__Provided data__:
|---|

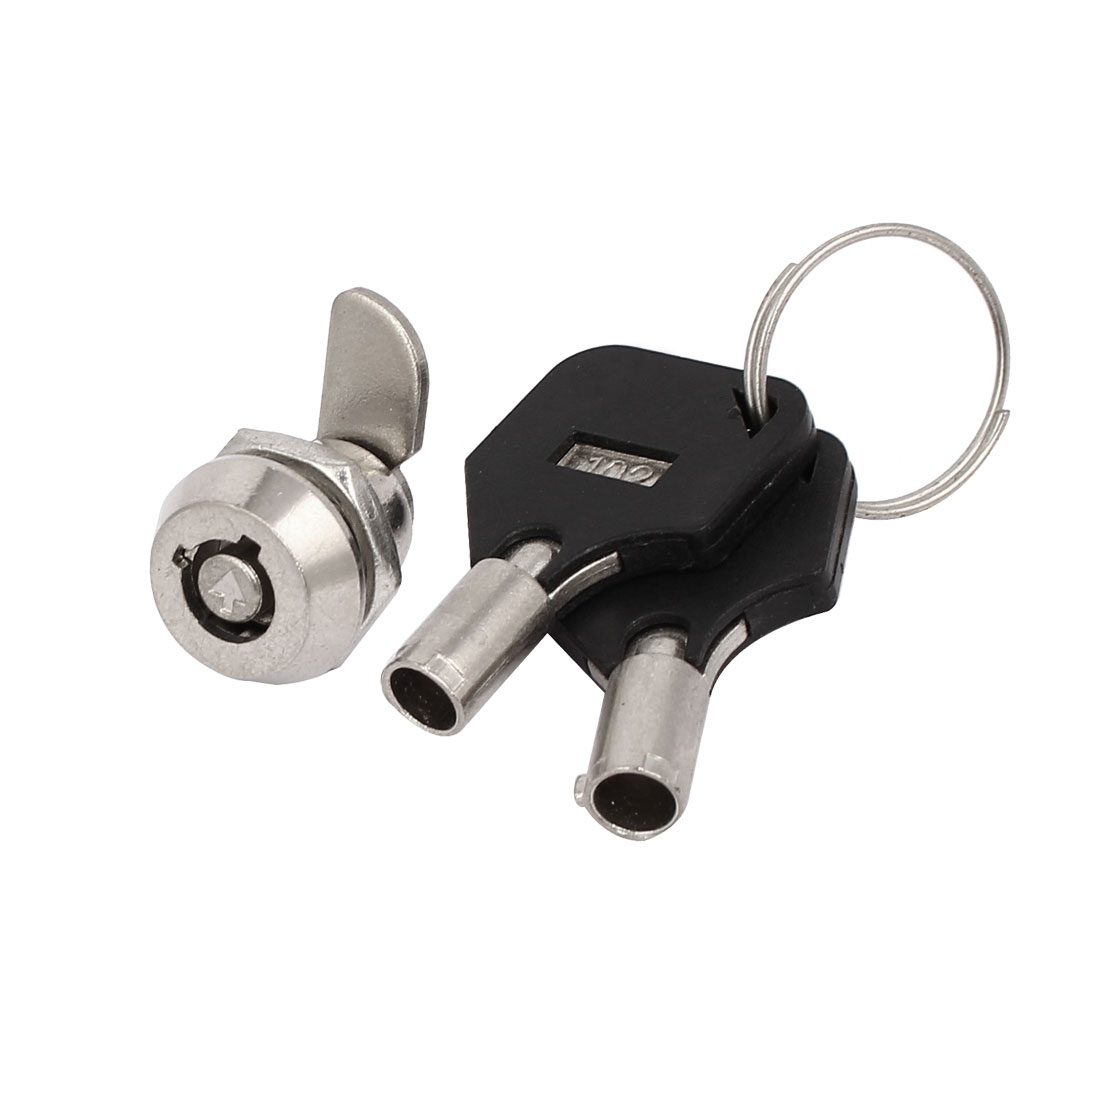 19mmx15mmx18mm Safety Keyed Tubular Cam Lock Locker Silver Tone w 2 Socket Keys
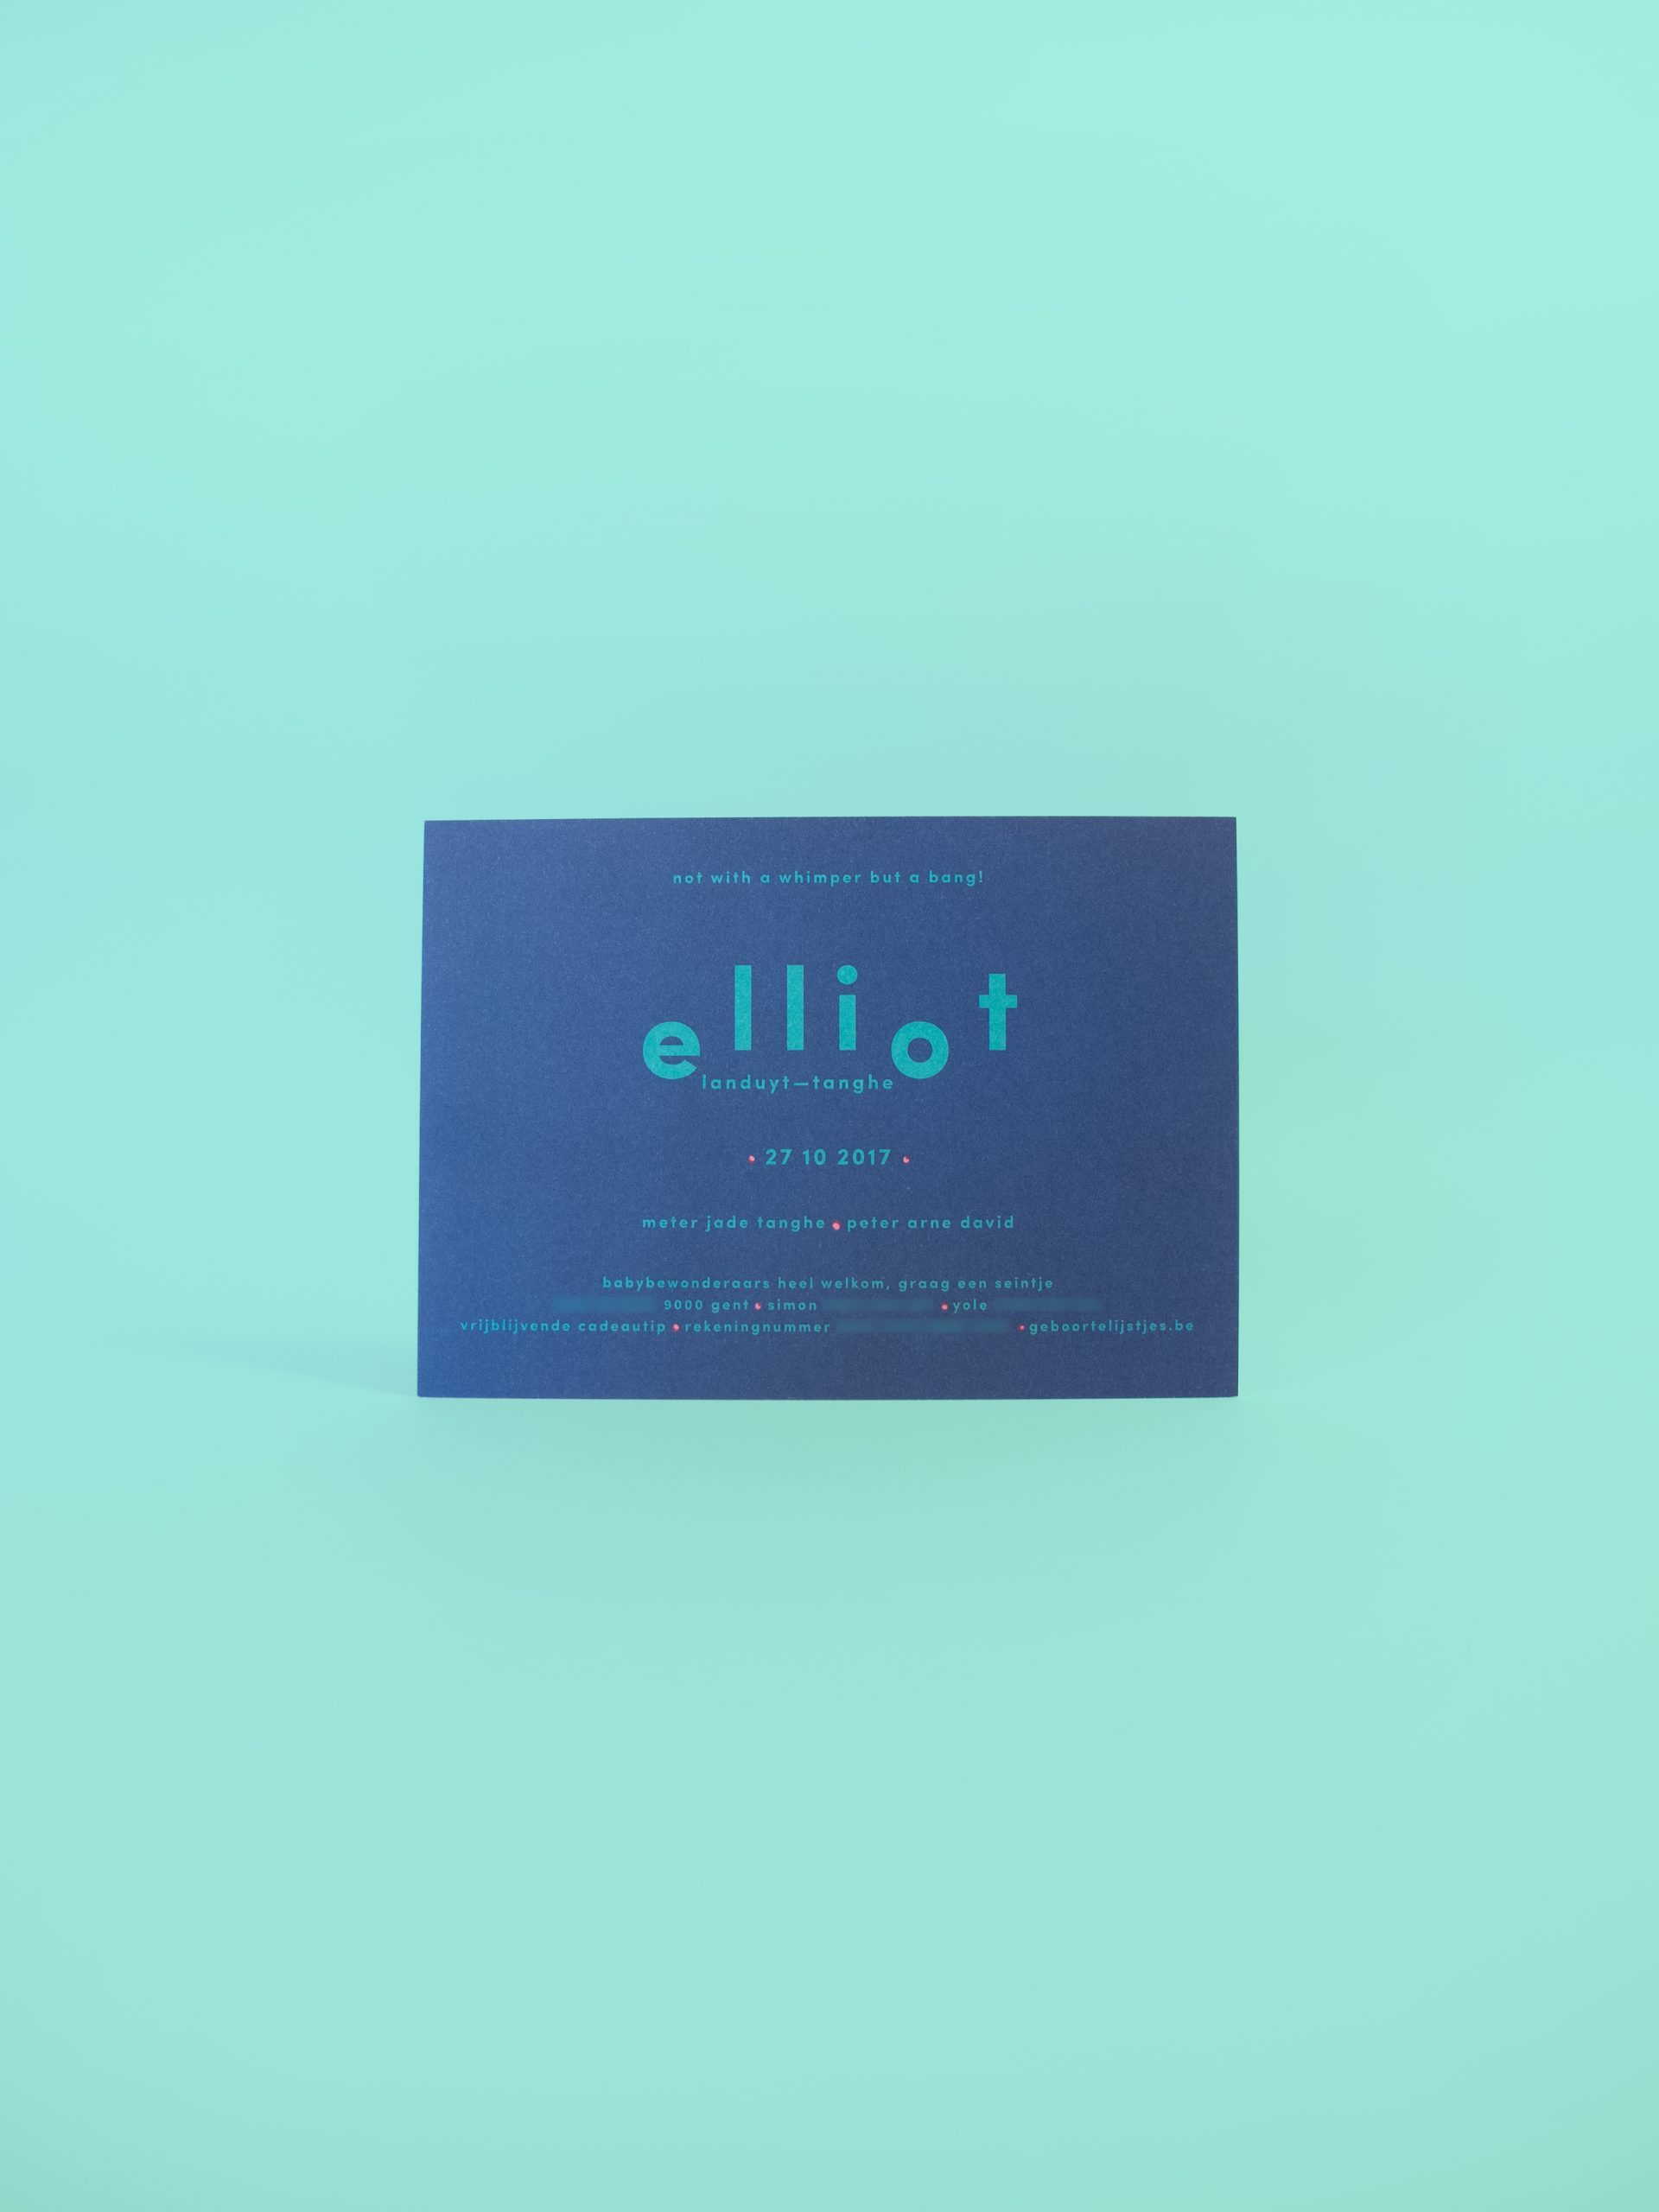 Elliot_2
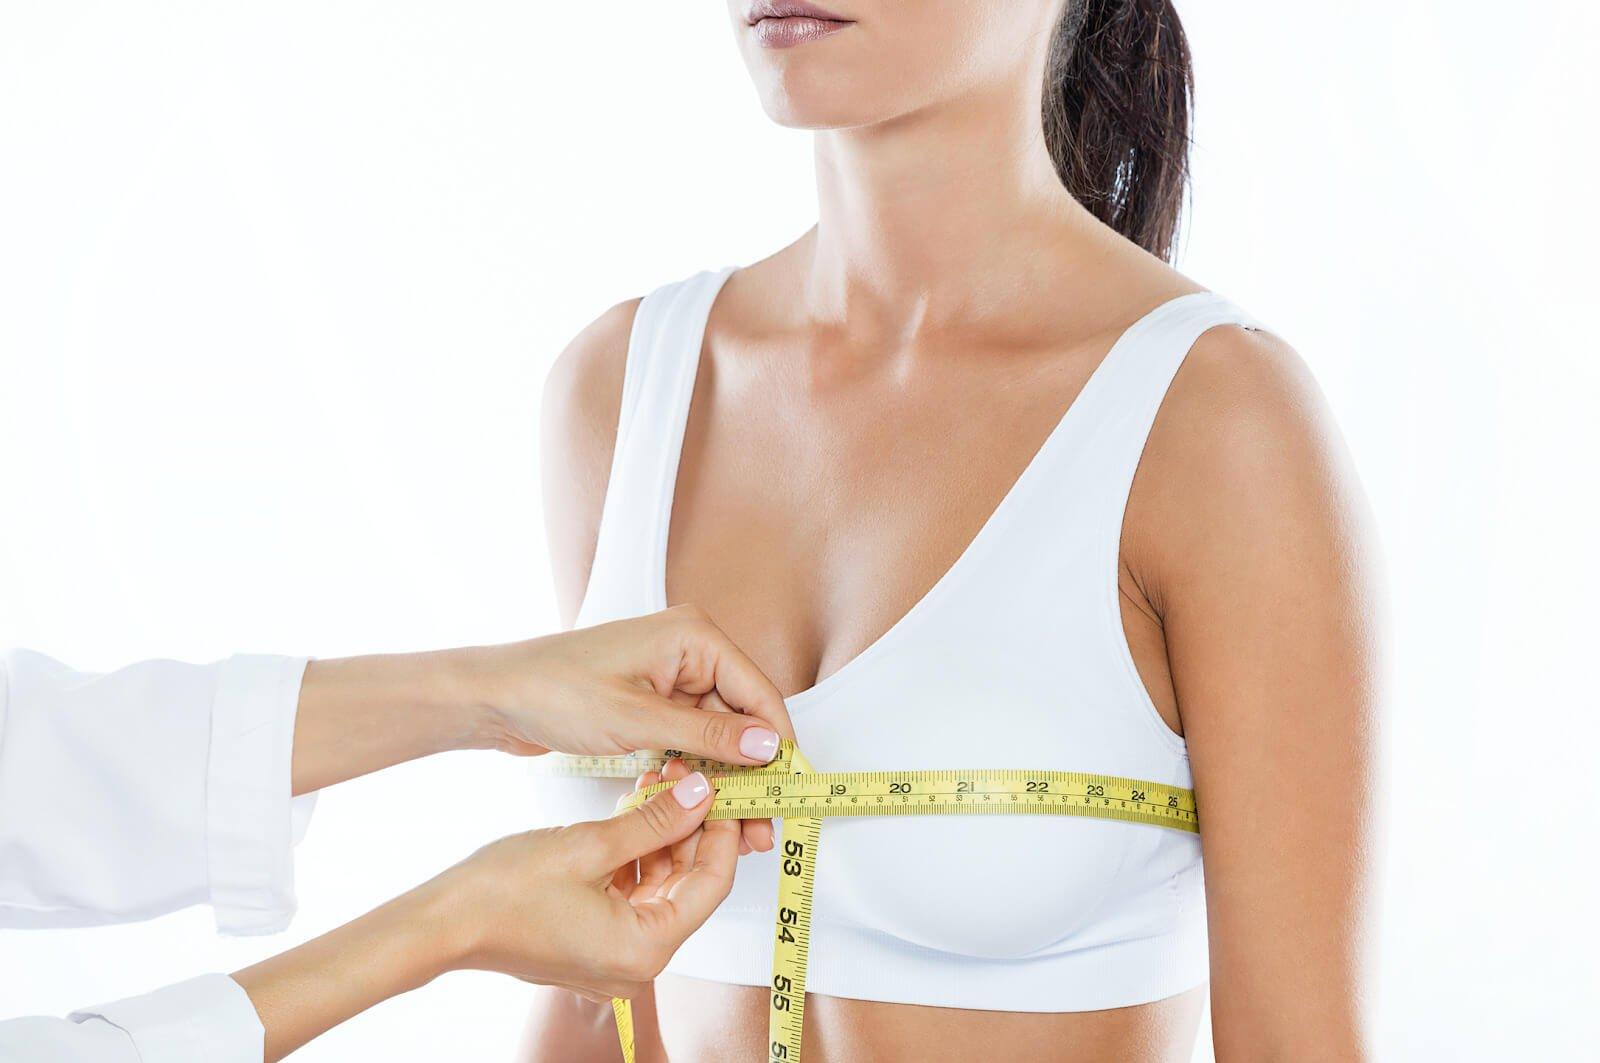 woman having her breasts measured

|---|

__Problem to solve__: Wherever an image sits in the data, omit it; everything else must be copied exactly.

__Your response__:
 19mmx15mmx18mm Safety Keyed Tubular Cam Lock Locker Silver Tone w 2 Socket Keys
 Elliot_2
 woman having her breasts measured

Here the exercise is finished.